Протрещал и сел почти на голову вертолет, доставивший больного. Иные и
не взглянули в его сторону. Многие торопились к приемному покою по высокому
застекленному переходу, придающему фасаду больницы ощущение легкости и
света.
В вестибюле ощущение легкости проходило: стол, стоявший посередине, был
громоздкий, бетонный, скамейки вокруг тоже бетонные: легендарный доктор
СорОка возводил свое детище капитально.
В вестибюле третьего этажа рассаживались на этих скамьях люди, которые
ни при каких других обстоятельствах не могли бы встретиться. Саша и Аврамий
с женой, которых привез Дов. Престарелый костлявый генерал, член Кнессета,
которого привезли вместе с известным ученым - министром по делам науки.
Министра препроводили в кабинет главного врача, а генерал задержался с
простыми смертными. Провели туда же и Ревекку, которая сказала со значением,
что она работала с Бутейко!
Вероятно, в беэр-шевской больнице о знаменитом профессоре Бутейко,
успешно лечившим астму, слышали. А, может, и нет. Просто Рива говорила
тоном, возражений не терпевшим. Возле престарелого генерала сидел на краю
скамьи оборванец в матерчатых тапочках, наполнявший вестибюль сивушным
ароматом. Дов не сразу признал в нем старика Никанорыча, в котором Наум души
не чаял. Никанорыч, русский человек, волжанин, был послан, в свое время, в
Париж возводить на международной авиационной выставке советский павильон,
откуда он и сбежал к Науму, с которым работал еще в Москве. Наум представлял
Никанорыча не иначе, как известного в России "Левшу", который подковал
блоху. Погубила "Левшу" баснословная дешевизна в Израиле спиртных напитков.
Рядом с Левшой, отстраняясь от него и хмуро морщась, сидел лысоватый
советолог, - один из тех набивших всем оскомину "капуцинов", которые, как
острили еще в семидесятые, всегда поют на стороне начальства...
Позднее других прикатила "пташка". Приткнулась в углу, возле Дова,
спросила взглядом о Науме. Огляделась. Багроволицый, изредка громко икающий
"Левша" ее не удивил. Удивил знакомый ей генерал, член Кнессета, которому,
по ее убеждению, ни один порядочный человек не должен был и руки подать.
Все вскочили, когда из коридора вышла заплаканная Динка, высокая и
худая, в отца. Она поддерживала под руку сгорбленную Нонну, свою мать.
Сообщила, отца держат на кислороде.
- Что стряслось? Почему вдруг ухудшение? - спросил генерал, чуть
приглушив свой резкий голос.
- Москва его добила, - убежденно ответил Дов. - Наглотался там вони.

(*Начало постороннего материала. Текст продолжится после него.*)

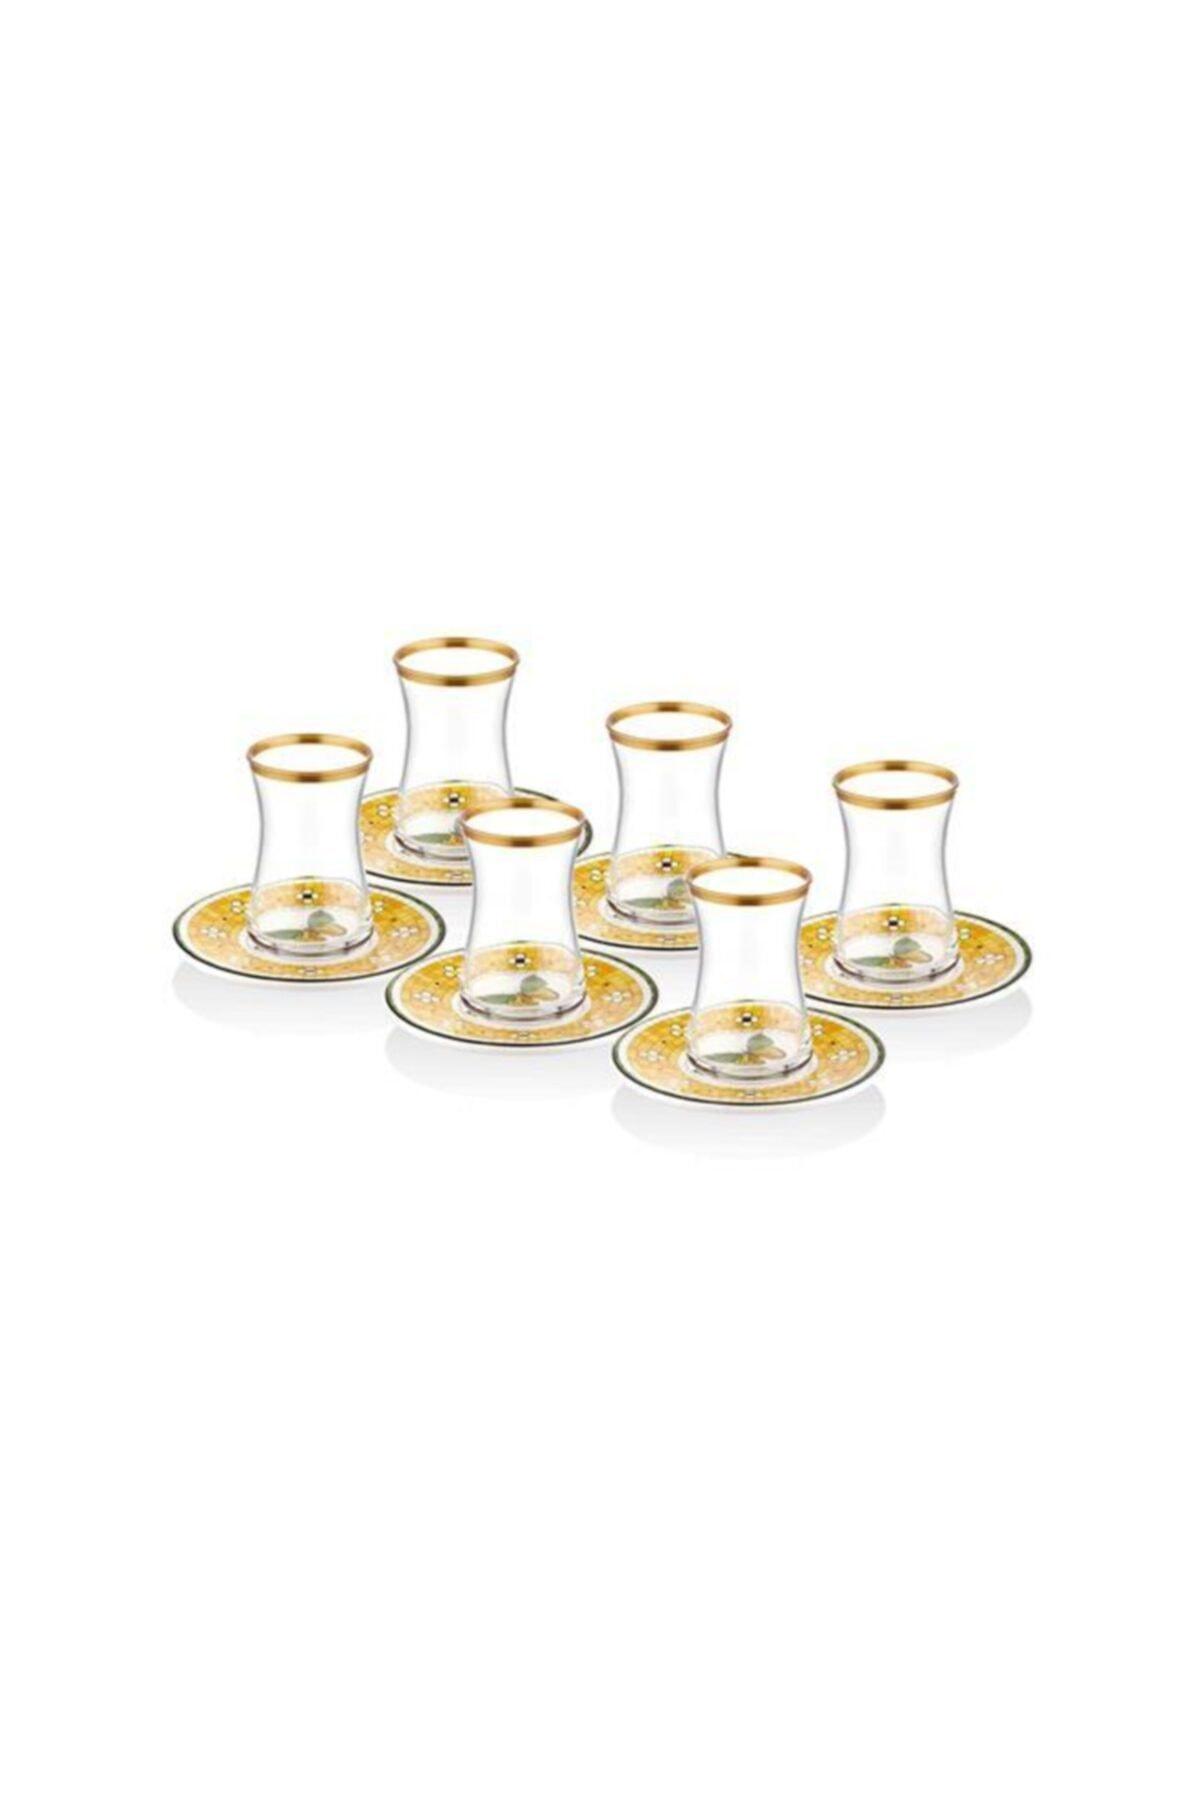 The Mia Patio Stoneware Sarı 12 Parça Çay Bardak Seti Pat0005 1

- Не-э-знаю, - растерянно протянула Нонна, бессильно опускаясь на
бетонную скамью. - Весь вечер злился и ругался по телефону: "Мы жизнь
положили, говорил, чтобы двинулся Бирнамский лес. Поехали евреи. А они
поставили Израиль на кон. Если уж банк крадет деньги олим - приехали!..

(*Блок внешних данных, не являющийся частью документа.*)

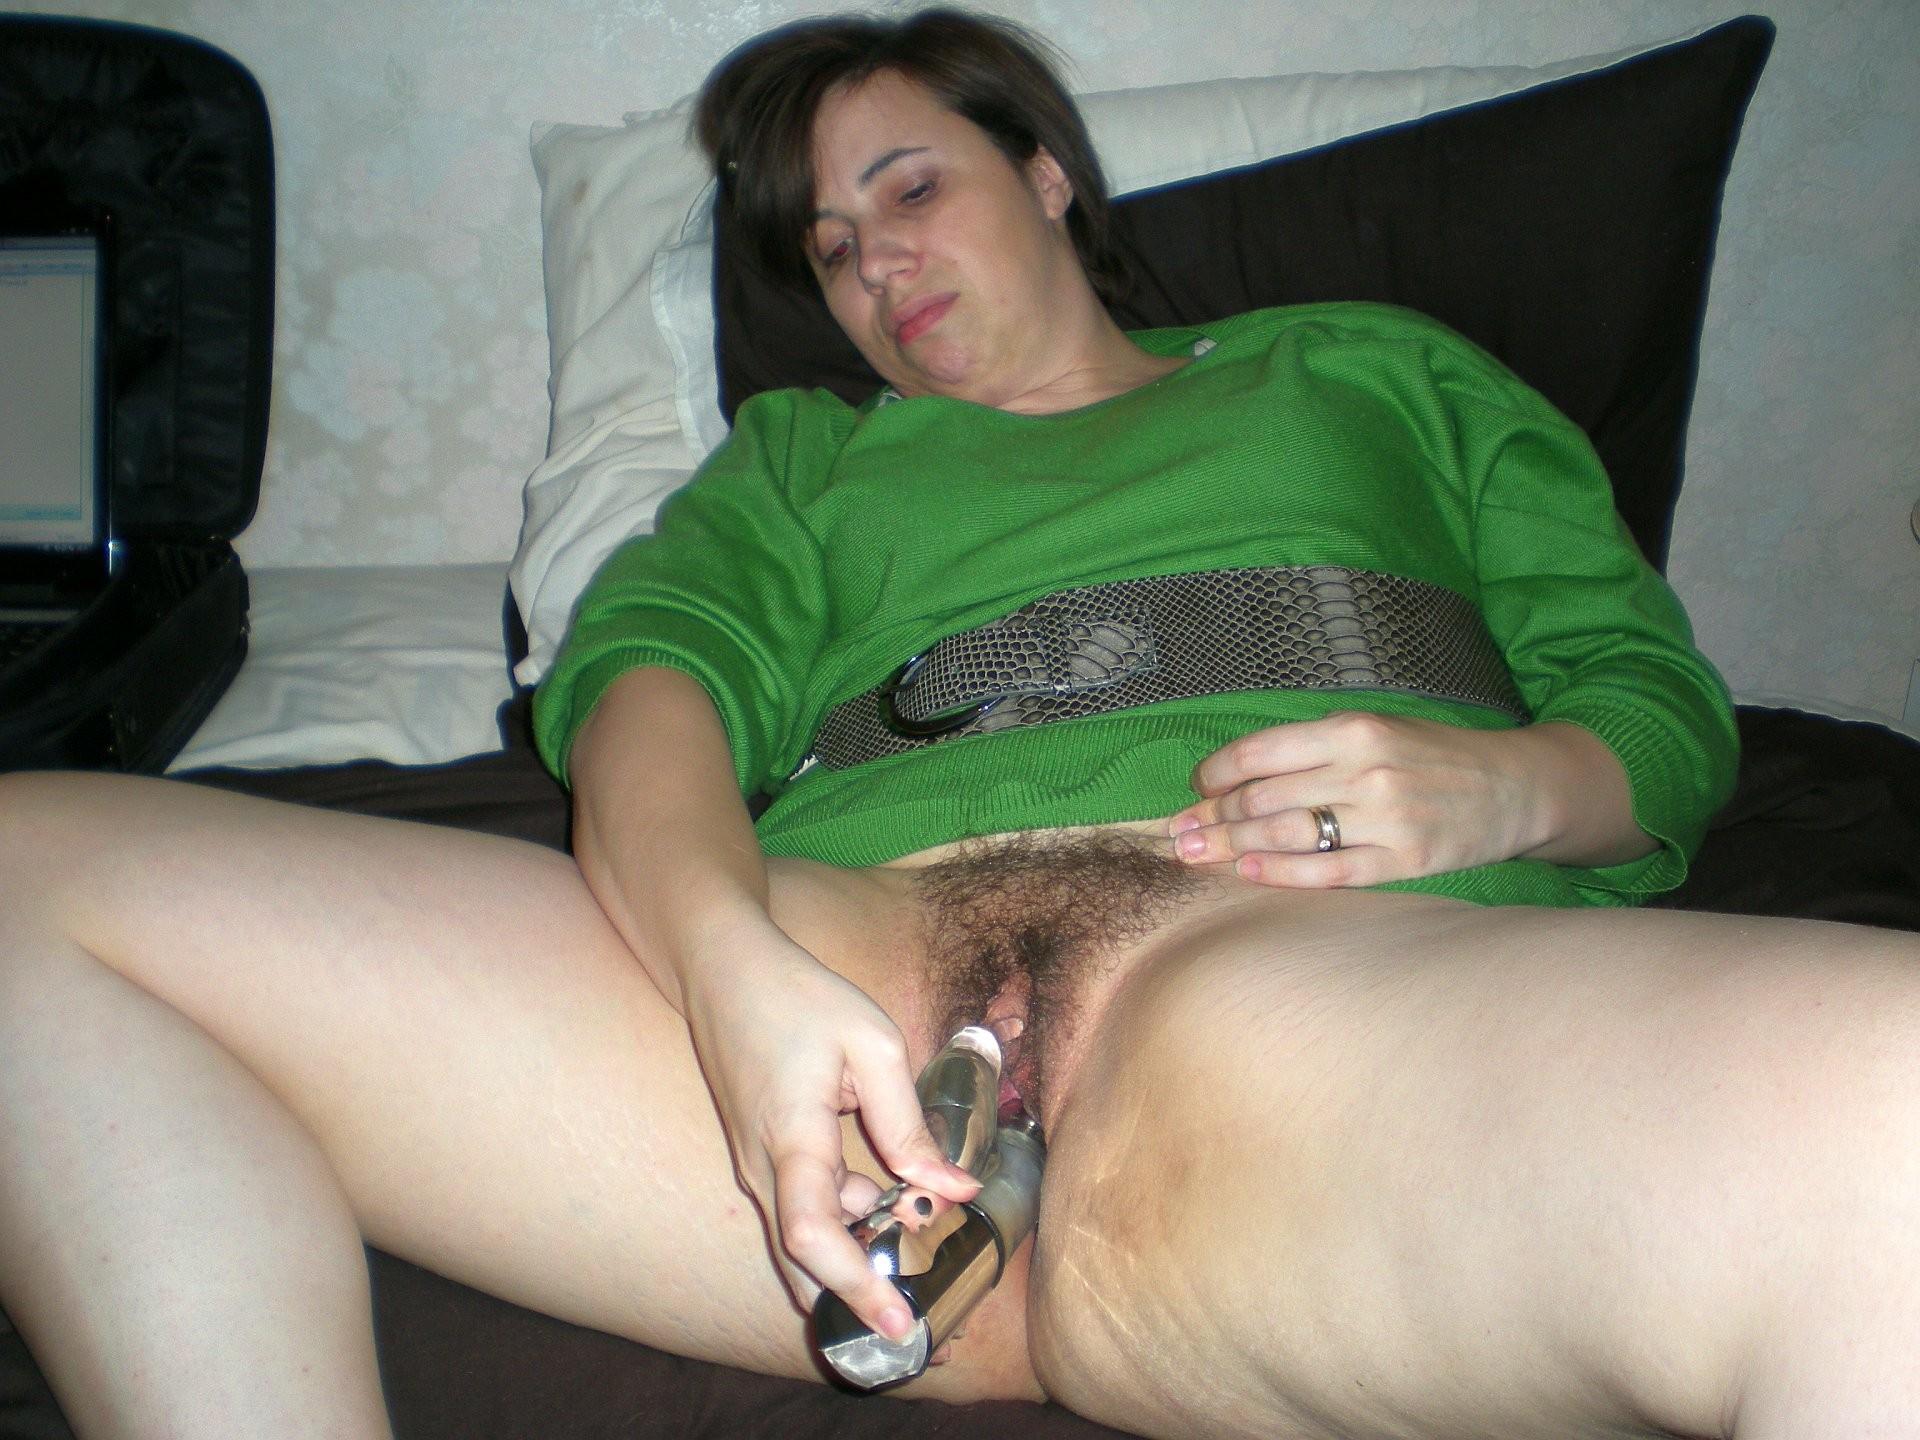 Зрелые волосатые женщины мастурбируют 9

Продают нас не за понюшку табаку. - И все кричал: "Из страны бегут! Бегут!
Дождались!"
Дина хлюпнула носом, призналась, что во всем виновата она. Утром Наум
долго расспрашивал ее о школе, где она преподает.
- ...А я и ляпни, что то и дело слышу от своих мальчишек: "Отслужу,
уеду..." Раньше этого не было, сейчас становится традицией - уехать,
покинуть страну. Отец кривился болезненно: сам не раз слышал,как дети на
улицах Чикаго, Лос-Анжелеса, Филадельфии окликают друга на иврите. И
повторял все время: "Это ужасно! Ужасно! Шамиры уткнулись в землю, людей не
видят, теперь и банки включились в воровские игры. Разгоняют Израиль, живым
похоронят..." А днем случился приступ.
Дов обнял ее за плечи, сказал тоном приказа: - Выбрось из головы! О
бегстве израильтян Наум знал и десять лет назад. А теперь о том весь Израиль
говорит.
Когда Динка с матерью ушли, в вестибюле наступила гнетущая тишина.

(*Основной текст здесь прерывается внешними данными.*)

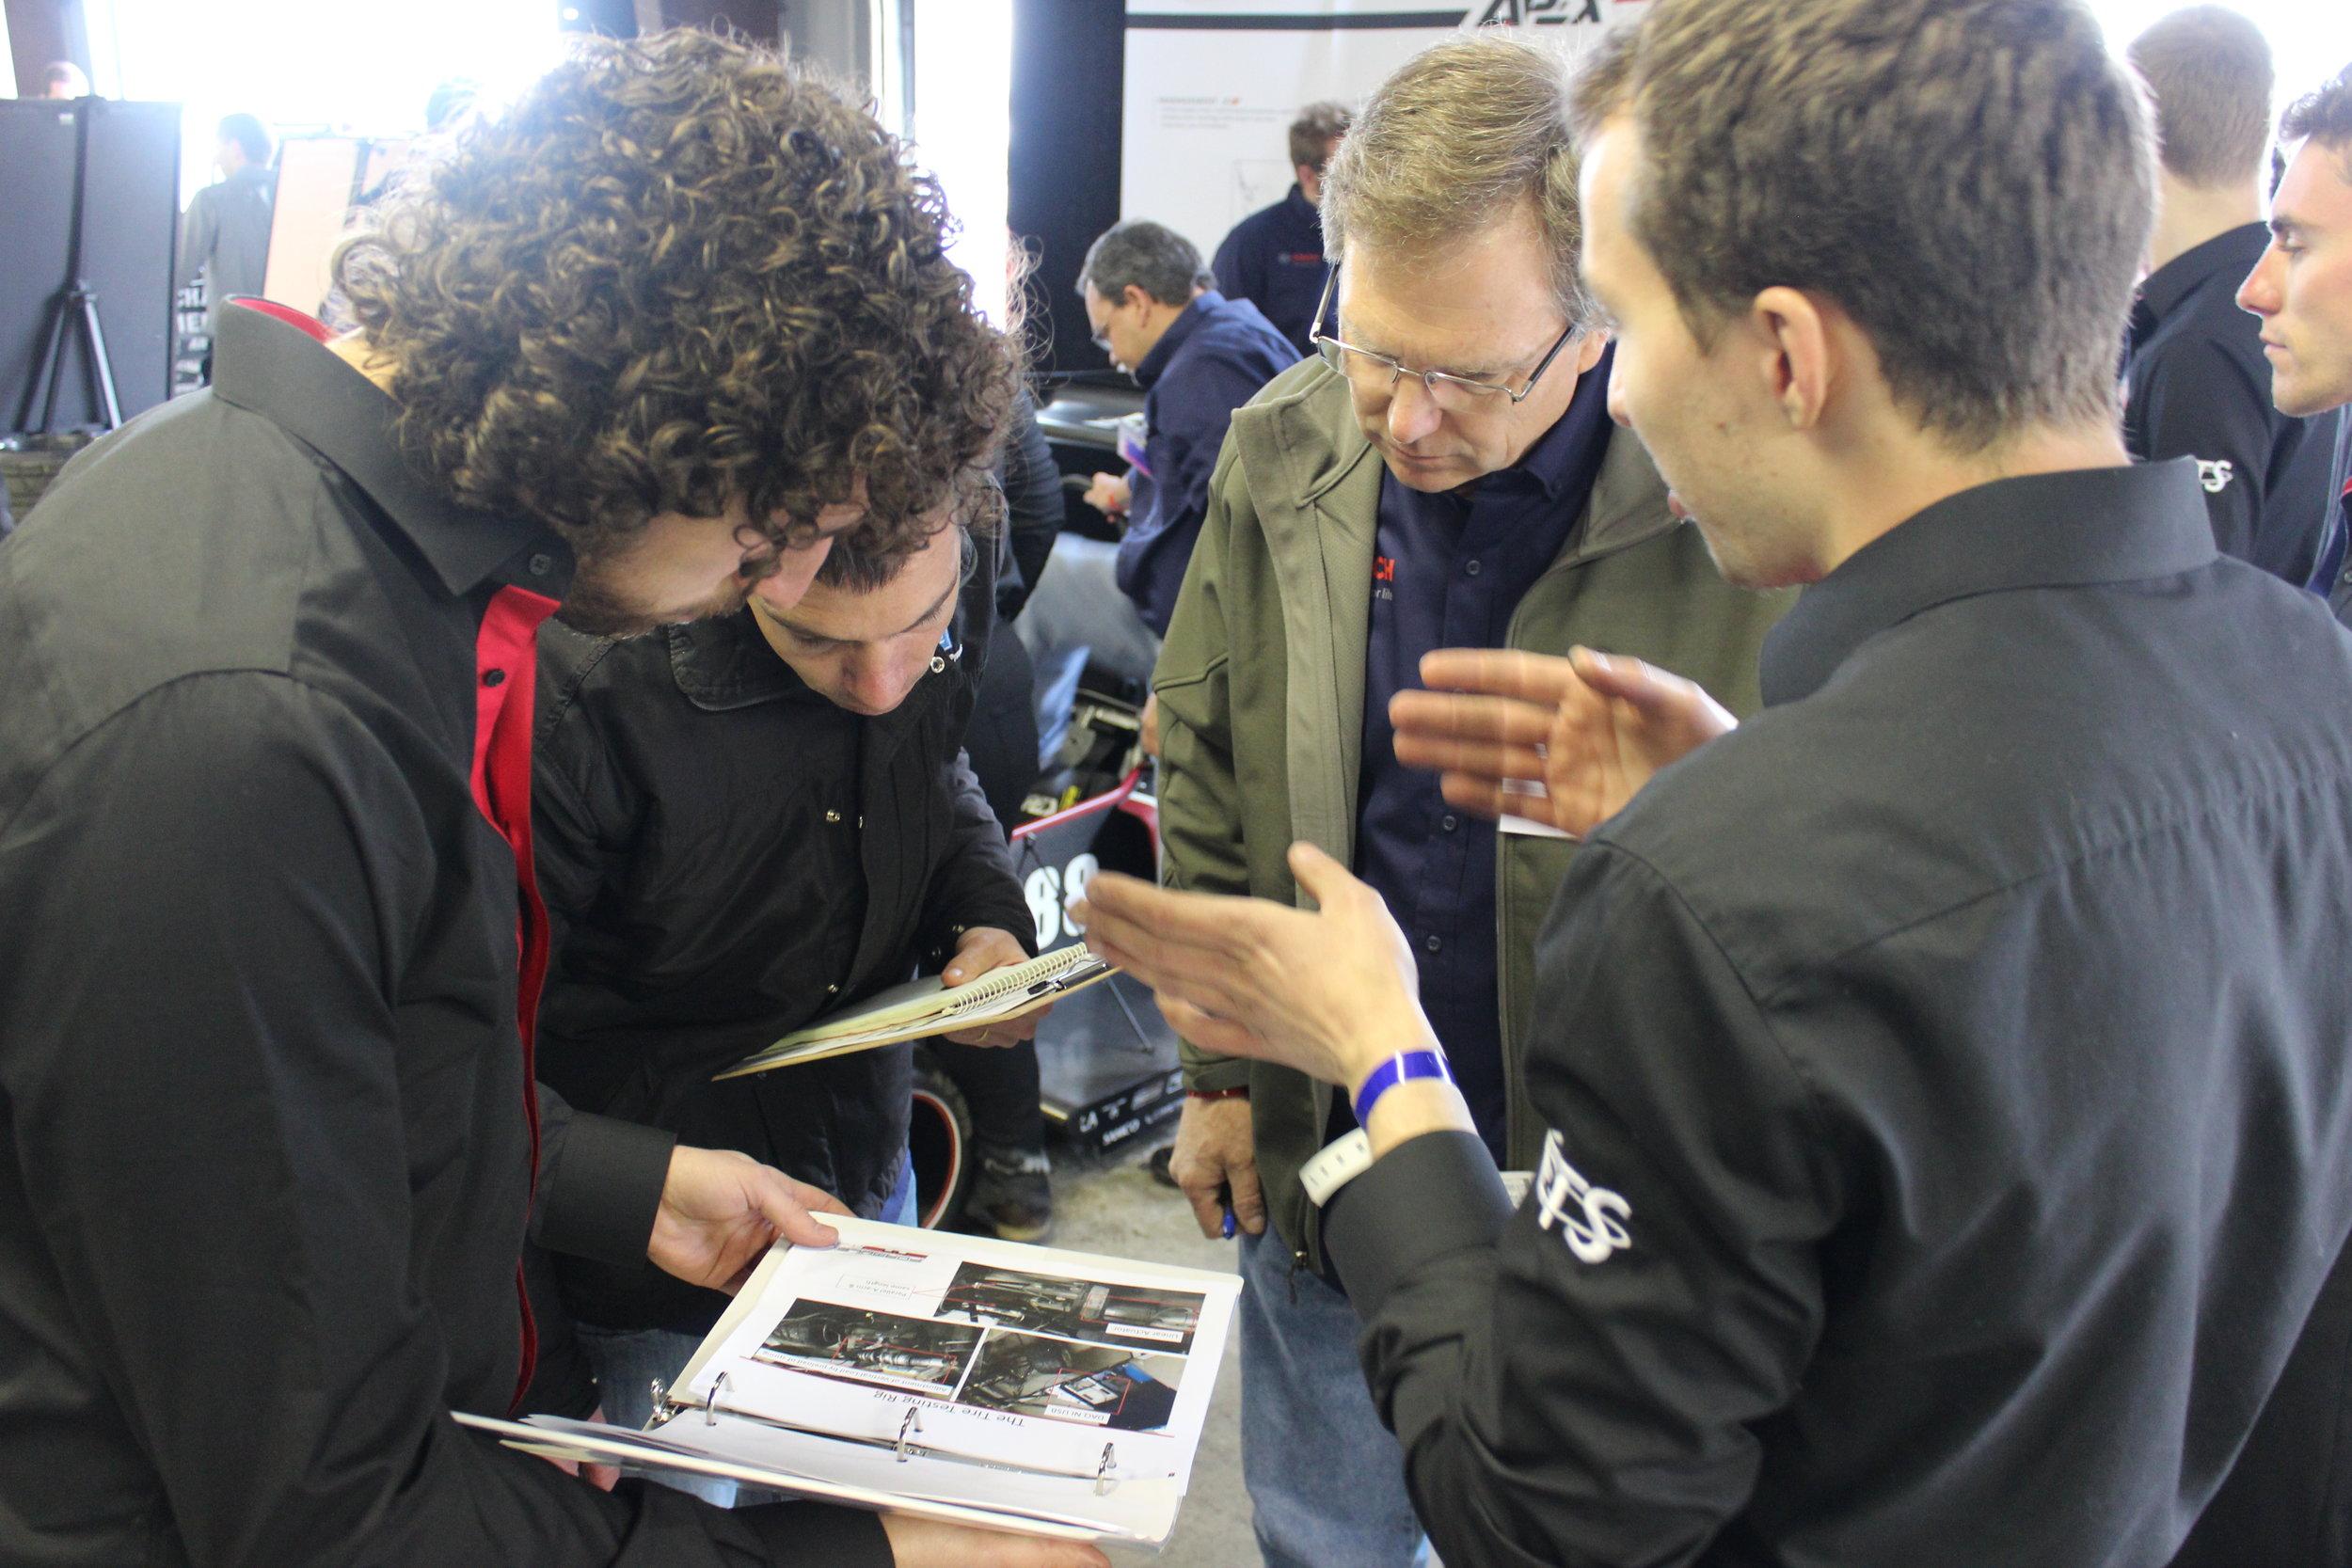 Grâce à Quentin et Léandre, on impressionne les juges avec la dynamique de notre véhicule lors de l'épreuve d'ingénierie.  --  Judges are impressed by the vehicle's dynamics explained by Quentin and Leandre during the engineering design event.

Слышно было лишь трудное свистящее дыхание Никанорыча. Почти час сидели
молча, подавленно, даже шептаться перестали. Вскочили лишь, когда появился
старик-врач, произнес успокаивающе:
- Заснул. Если до утра будет, как сейчас, постараемся вытащить...
Сразу ослабло напряжение. Кто-то ушел, начертав на листочке, у сестры,
телефон, чтоб тут же сообщили, если что... Большинство же осталось до утра.
Расселись в нижнем холле, разговорились с соседями. Генерал попросил, чтоб
ему принесли кофе и, подкрепившись, оглядел незнакомых.
Генерал был отставной, в безрукавке и сандалетах на босу ногу. Он
недавно стал членом правительтства Шамира, что вызвало истерику социалистов:
генерал слыл в Израиле самым правым, правее Шарона, и был энтузиастом
"трансфера". Попросту говоря, стоял на том, что арабов, всех до одного, надо
посадить в час "икс" на армейские грузовики и выкинуть из страны. Длинный,
поджарый, с вытянутым узким лицом, он был похож на борзую, преследующую
дичь.
- Вы, наверное, олим? - спросил он вполголоса у Сашу и Аврамия ,
сидевших на скамье. - Никогда вас не видал. Давно в стране? А вы? - спросил
у Саши... - Больше года?! Всего-то! Ругаете Сохнут или уже всех нас чохом?..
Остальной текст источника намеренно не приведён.